От приятных мыслей у нее радостно забилось сердечко. Сегодня она отдаст Антуану их родовое кольцо, благодаря которому они и встретились. Хотя, конечно, его должен носить потомок рода Преонских, но Татьяна слишком любила Антуана и поэтому решила подарить ему перстень в знак любви и признательности.

За окном уже смеркалось. Становилось тихо и спокойно. Но в доме Преонских-Кюри все готовились к приезду молодого хозяина.

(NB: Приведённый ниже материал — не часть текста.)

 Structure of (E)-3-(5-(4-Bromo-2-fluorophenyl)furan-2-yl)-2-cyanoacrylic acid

Долго ждала Татьяна мужа и уже после молитвы, собираясь идти в опочивальню, услышала на улице шум. Татьяна приоткрыла нижнюю часть окна и увидела, как по улице проехала телега тройкою, следом еще и еще, потом солдаты, конные и пешие.

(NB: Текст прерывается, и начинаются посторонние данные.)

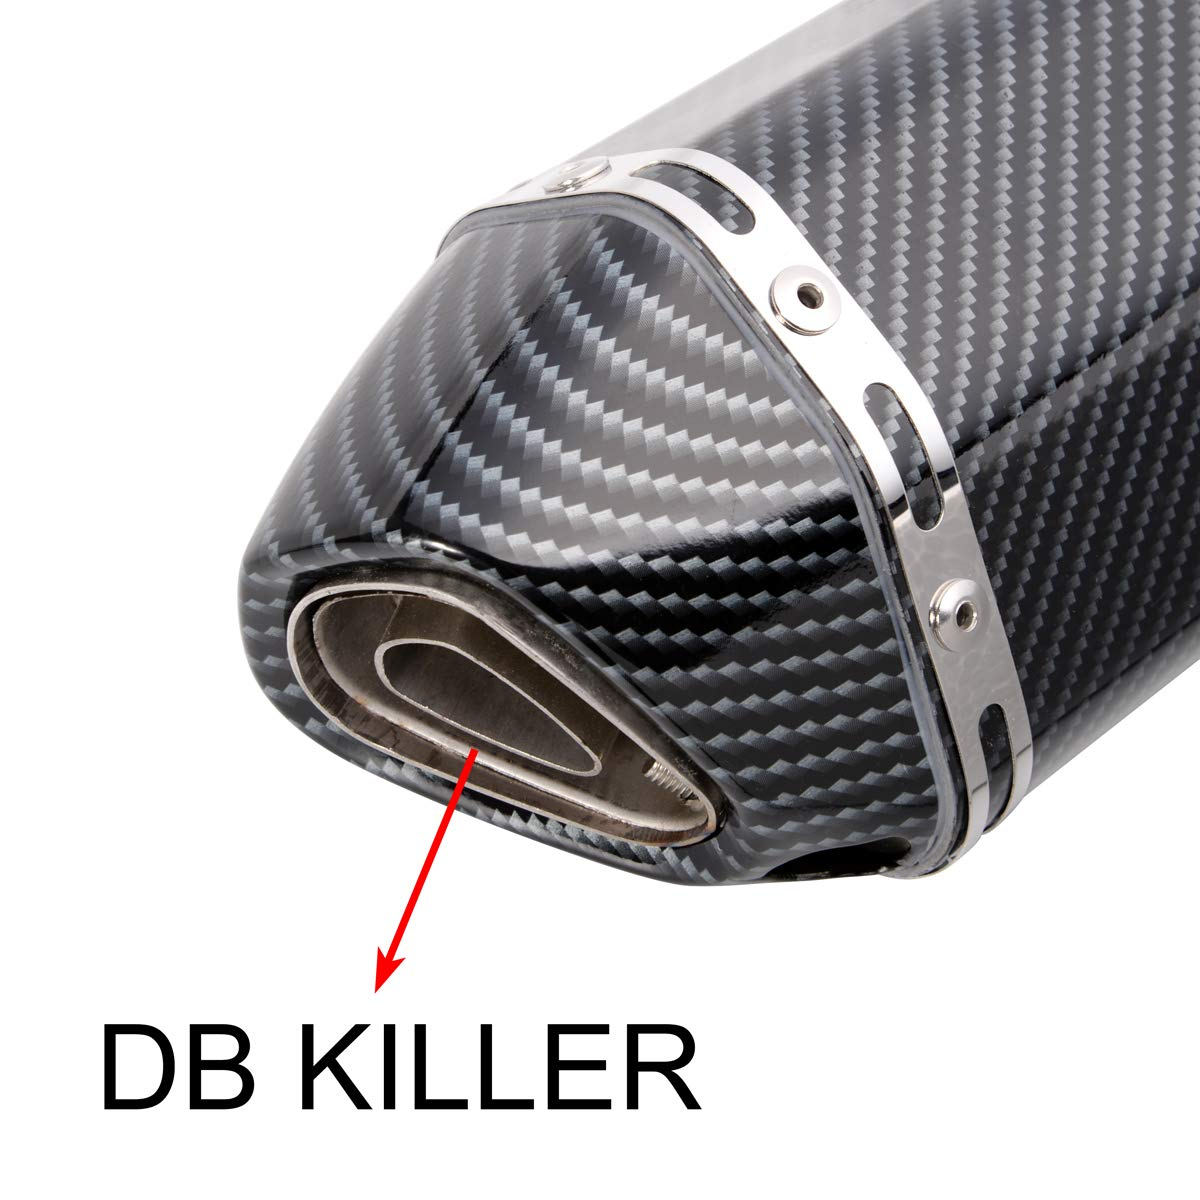 dirt bikes scooters Heran 38-51mm Universal Motorcycle Exhaust Muffler Slip On w//DB Killer fits most motorcycles

Татьяна подняла весь дом на ноги, объявив, что хозяин, вероятно, возвращается.

– Ох, батюшки, батюшки мои! Поостывала снедь-то вся! – причитала Варвара-стряпуха.

– Разогрей! – приказала Татьяна и вышла со свечой в сени, проверить, на месте ли челядь. – Фома! Филипп! Гаврила!

– Да, боярыня, мы все здеся. Токмо сумнения меня гложуть, что нетути хозяина нашего с приезжими, – Филипп говорил тихо, не глядя хозяйке в встревоженные глаза. Она с волнением следила за многочисленным народом, проезжавшим и проходившим по улице.

– Ежели нет, спать идите и до утрени отдыхайте. Авось не приедет он за полночь, – печально ответила она.

– Мы, хозяйка, тут уж давненько стоим, всех опросили приезжих-то, – прищурив подслеповатый левый глаз, сказал ей конюх Гаврила.

Татьяна впервые поняла, как переживают эти люди не только за нее, но и за Антуана. Ведь и у них становится на сердце легче, когда хозяева живы-здоровы. Эти люди – Дуня, Варвара, Фома, Филипп, Гаврила, знающие Татьяну сызмальства, были ей семьей, заменившей и отца, и мать, а дети их – братьев и сестер.

Так и не дождавшись Антуана в ту ночь, Татьяна со смешанным чувством страха и волнения легла спать.

Антуан же, уже состоявший на службе в Посольском приказе, вместе с начальником своим Сапуриным Павлом Сергеевичем обязан был доставить важные торговые договоры.

Их должен был передать лично в руки посыльному Всеславу Потерину сам Сапурин в местечке, что находилось в трехстах верстах от Москвы. И Антуан был выбран сопроводителем для важного деятеля неспроста. Антуан разбирался в иносказании и инописании. Также он был рекомендован Петром как лучший стрелок и не по летам мудрый воин.

Задержка их объяснялась непогодой, заставшей их на обратном пути.

Антуан, пряча лицо и руки от холодного дождя, дожидался Павла Сергеевича в карете.

– Что, замерз, небось? Не привычны вы к непогодушке нашей, оттого и чахнете, – говорил Павел Сергеевич дрожащему Антуану.

– Я уже привык, ваше сиятельство, – выпрямившись, ответил Антуан.

– Молодцом! Молодцом! Хвалю, и сам ты хорош, и жену выбрал себе подходящую! – Сапурин дружески похлопал Антуана по плечу.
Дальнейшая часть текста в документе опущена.